Richard Thompson – Walking On A Wire

Eine konventionelle Werkschau des genialen englischen Gitarristen und Songschreibers Richard Thompson

Dass er sich locker so gut wie der Kollege Dylan in der Geschichte des populären Liedgut vergangener Jahrhunderte auskennt, demonstrierte Richard Thompson vor drei Jahren mit den sehr gut ausgewählten Songs des DVD/CD-Sets „7000 Years Of Populär Music“. Der älteste Song wird dort auf das Jahr 1260 datiert. Den jüngsten (Britney Spears'“Oops!… I Did It Again“) spielte er über die vergangenen Jahre auch immer gern mal in Konzerten, zu hören in der 2006 vorgelegten monumentalen Box „RT: The Life And Music Of Richard Thompson“. Das war, vornehmlich aus Archivmaterial und vor allem Live-Aufnahmen zusammengestellt, mit fünf CDs schon die zweite größere Werkschau, die sein Schaffen nach keinerlei erkennbarem Ordnungsprinzip im Überblick präsentierte. Die erste hatte 1993 Edward Haber mit „Watching The Dark“ vorgelegt.

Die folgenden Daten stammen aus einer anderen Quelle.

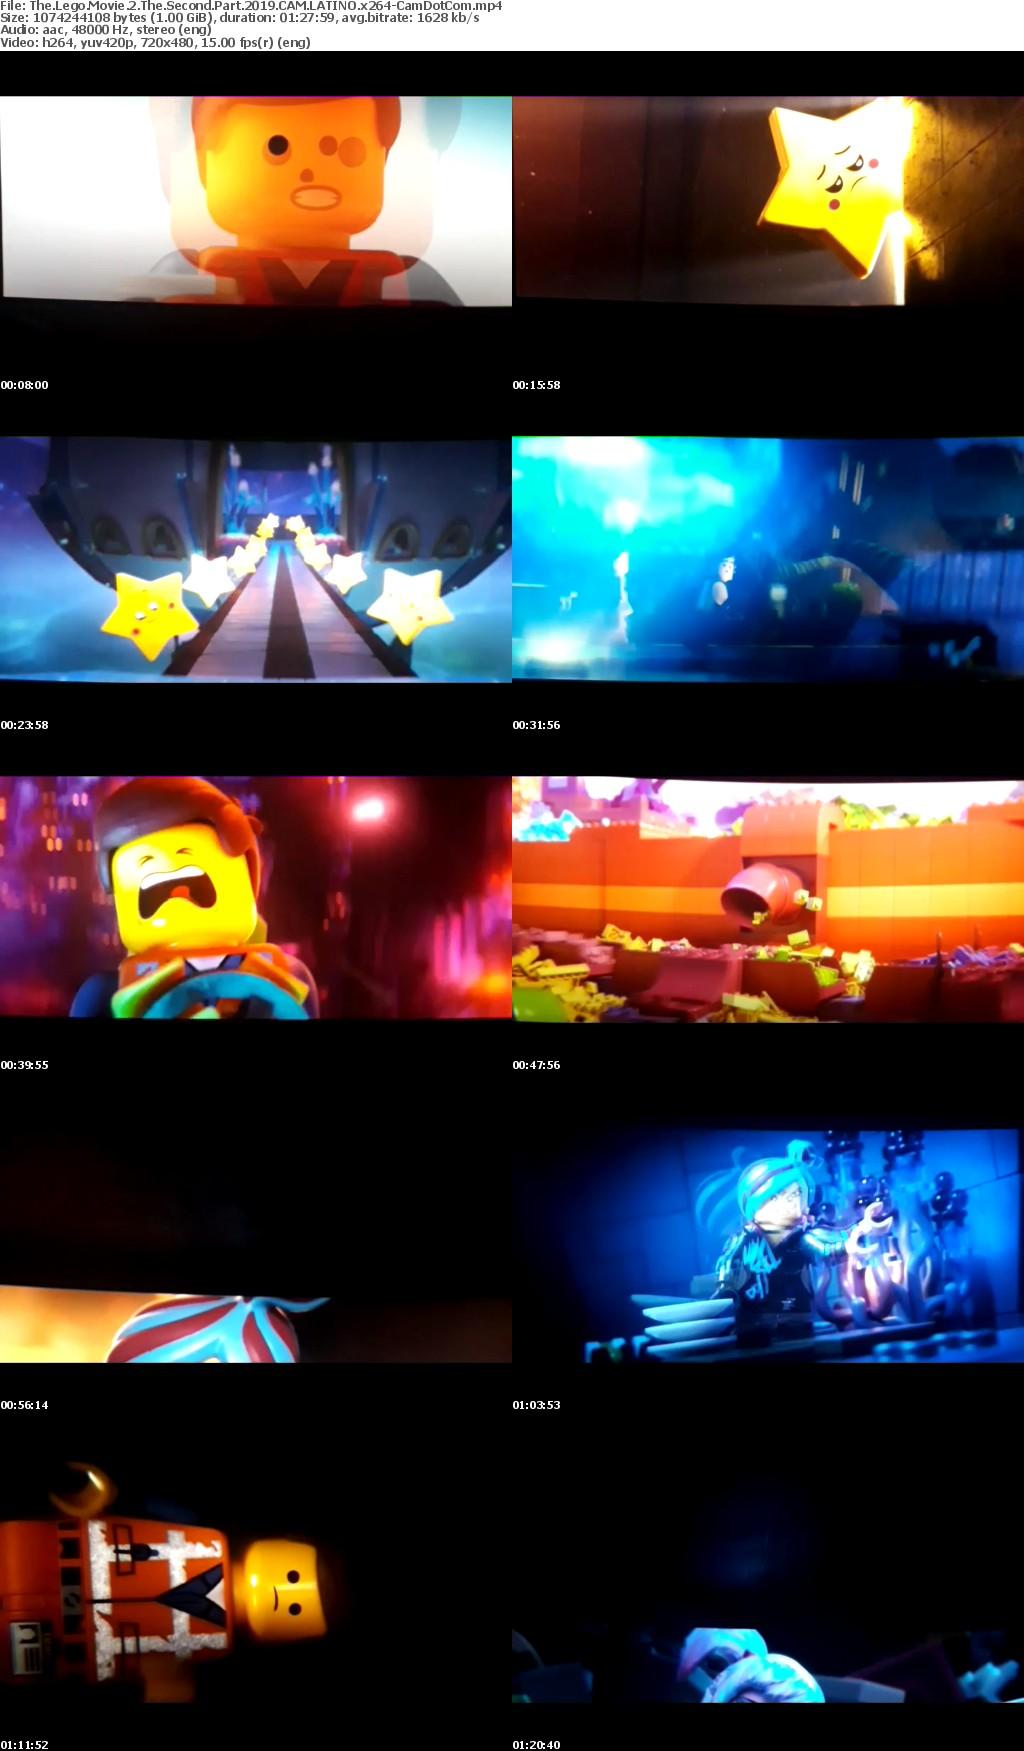 The Lego Movie 2 The Second Part (2019) CAM LATINO x264-CamDotCom

Jetzt soll es also dieses neue Set richten, fast sechs Dutzend die vier CDs füllende Aufnahmen, vom Meister persönlich handverlesen, dabei chronologisch geordnet und sehr ausführlich in den Liner Notes Leben und Werk kommentiert. Am Ende gibt es sogar eine Kostprobe aus dem Soundtrack des Werner-Herzog-Films „Grizzly Man“ und eine Cover-Version des Who-Songs „A Legal Matter“. Man gestattete sich keine editorischen Schlampereien, wenn man mal von dem Ärgernis absieht, dass gleich zu Beginn Emmitt Rhodes‘ „Time Will Show The Wiser“ vom Fairport Convention-Debüt in einem obskuren Mono-Mix auftaucht, obwohl das doch immer schon und nicht zuletzt auf dem Remaster von 2003 in ganz fabelhaft überspieltem Stereo vorliegt. Denn das Team Joe Boyd/John Wood hatte immer schon Wert auf großen und für die Zeit Maßstände setzenden Wohlklang bei ihren Aufnahmen gelegt.

Die Fairport Convention-Jahre werden mit fünf Aufnahmen von fünf LPs abgehakt, weil noch weitere knapp vier Jahrzehnte Schaffen zu dokumentieren waren und Thompson womöglich und zurecht davon ausging, dass „Unhalfbricking“ und „Liege & Lief“ ohnehin in jeder besseren Plattensammlung vorhanden sein sollten. Immerhin gibt es von „Full House“ das epische „Sloth“, bei dem er schon die ganze Meisterschaft an der elektrisch verstärkten Gitarre mehr als nur ein wenig andeutete. Das weitere Schaffen solo und mit Ehefrau Linda – nennen wir sie mal die Hungerjahre – bis hin zum Meisterwerk „Shoot Out The Lights“ wollte er mit zwei Dutzend Aufnahmen doch sehr ausführlich gewürdigt wissen.

Die LPs ab 1982 werden nach einem extrem gestrengen Best-Of-Prinzip präsentiert, bei dem letztlich wohl auch Preis und Vermarktbarkeit des Sets die Lücken diktierten. Praktisch nichts findet man hier von den Mitschnitten, die er über das Netz anbietet, von „Celtschmerz“ eine einzige Kostprobe. Aber als eine die Jahrzehnte durchmess ende Einführung in sein Werk ist das Set alles andere als übel.